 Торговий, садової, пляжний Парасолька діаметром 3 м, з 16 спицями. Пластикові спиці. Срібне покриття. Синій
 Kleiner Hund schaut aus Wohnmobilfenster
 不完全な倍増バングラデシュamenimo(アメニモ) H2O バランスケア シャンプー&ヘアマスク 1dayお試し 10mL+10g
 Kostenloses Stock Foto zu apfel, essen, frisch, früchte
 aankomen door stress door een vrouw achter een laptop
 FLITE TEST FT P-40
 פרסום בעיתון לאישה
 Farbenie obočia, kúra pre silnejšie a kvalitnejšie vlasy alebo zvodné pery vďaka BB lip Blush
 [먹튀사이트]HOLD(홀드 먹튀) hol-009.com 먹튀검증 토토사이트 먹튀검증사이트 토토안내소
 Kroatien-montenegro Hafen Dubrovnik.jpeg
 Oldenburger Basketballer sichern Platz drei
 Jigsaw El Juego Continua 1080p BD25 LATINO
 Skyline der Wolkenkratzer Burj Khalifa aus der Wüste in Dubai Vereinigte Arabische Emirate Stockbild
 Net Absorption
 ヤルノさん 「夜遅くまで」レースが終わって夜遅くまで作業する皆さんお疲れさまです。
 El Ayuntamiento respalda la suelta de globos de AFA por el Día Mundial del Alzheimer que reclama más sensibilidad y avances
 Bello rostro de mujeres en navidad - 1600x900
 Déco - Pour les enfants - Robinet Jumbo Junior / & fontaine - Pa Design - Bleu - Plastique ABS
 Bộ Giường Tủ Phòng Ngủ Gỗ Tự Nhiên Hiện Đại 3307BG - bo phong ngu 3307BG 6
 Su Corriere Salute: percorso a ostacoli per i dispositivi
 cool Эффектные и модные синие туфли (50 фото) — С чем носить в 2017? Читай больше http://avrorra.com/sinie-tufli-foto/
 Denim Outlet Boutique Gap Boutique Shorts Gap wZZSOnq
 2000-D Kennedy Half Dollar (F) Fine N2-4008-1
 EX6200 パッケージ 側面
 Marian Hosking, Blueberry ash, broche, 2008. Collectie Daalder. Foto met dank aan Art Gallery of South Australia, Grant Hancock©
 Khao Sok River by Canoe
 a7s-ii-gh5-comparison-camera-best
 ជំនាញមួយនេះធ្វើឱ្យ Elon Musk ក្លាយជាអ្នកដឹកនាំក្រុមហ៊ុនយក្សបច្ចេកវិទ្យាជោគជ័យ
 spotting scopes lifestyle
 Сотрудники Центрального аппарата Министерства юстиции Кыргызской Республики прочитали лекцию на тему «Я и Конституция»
══════════
Your task is to transcribe the listing above in full, exactly as given.

 Торговий, садової, пляжний Парасолька діаметром 3 м, з 16 спицями. Пластикові спиці. Срібне покриття. Синій
 Kleiner Hund schaut aus Wohnmobilfenster
 不完全な倍増バングラデシュamenimo(アメニモ) H2O バランスケア シャンプー&ヘアマスク 1dayお試し 10mL+10g
 Kostenloses Stock Foto zu apfel, essen, frisch, früchte
 aankomen door stress door een vrouw achter een laptop
 FLITE TEST FT P-40
 פרסום בעיתון לאישה
 Farbenie obočia, kúra pre silnejšie a kvalitnejšie vlasy alebo zvodné pery vďaka BB lip Blush
 [먹튀사이트]HOLD(홀드 먹튀) hol-009.com 먹튀검증 토토사이트 먹튀검증사이트 토토안내소
 Kroatien-montenegro Hafen Dubrovnik.jpeg
 Oldenburger Basketballer sichern Platz drei
 Jigsaw El Juego Continua 1080p BD25 LATINO
 Skyline der Wolkenkratzer Burj Khalifa aus der Wüste in Dubai Vereinigte Arabische Emirate Stockbild
 Net Absorption
 ヤルノさん 「夜遅くまで」レースが終わって夜遅くまで作業する皆さんお疲れさまです。
 El Ayuntamiento respalda la suelta de globos de AFA por el Día Mundial del Alzheimer que reclama más sensibilidad y avances
 Bello rostro de mujeres en navidad - 1600x900
 Déco - Pour les enfants - Robinet Jumbo Junior / & fontaine - Pa Design - Bleu - Plastique ABS
 Bộ Giường Tủ Phòng Ngủ Gỗ Tự Nhiên Hiện Đại 3307BG - bo phong ngu 3307BG 6
 Su Corriere Salute: percorso a ostacoli per i dispositivi
 cool Эффектные и модные синие туфли (50 фото) — С чем носить в 2017? Читай больше http://avrorra.com/sinie-tufli-foto/
 Denim Outlet Boutique Gap Boutique Shorts Gap wZZSOnq
 2000-D Kennedy Half Dollar (F) Fine N2-4008-1
 EX6200 パッケージ 側面
 Marian Hosking, Blueberry ash, broche, 2008. Collectie Daalder. Foto met dank aan Art Gallery of South Australia, Grant Hancock©
 Khao Sok River by Canoe
 a7s-ii-gh5-comparison-camera-best
 ជំនាញមួយនេះធ្វើឱ្យ Elon Musk ក្លាយជាអ្នកដឹកនាំក្រុមហ៊ុនយក្សបច្ចេកវិទ្យាជោគជ័យ
 spotting scopes lifestyle
 Сотрудники Центрального аппарата Министерства юстиции Кыргызской Республики прочитали лекцию на тему «Я и Конституция»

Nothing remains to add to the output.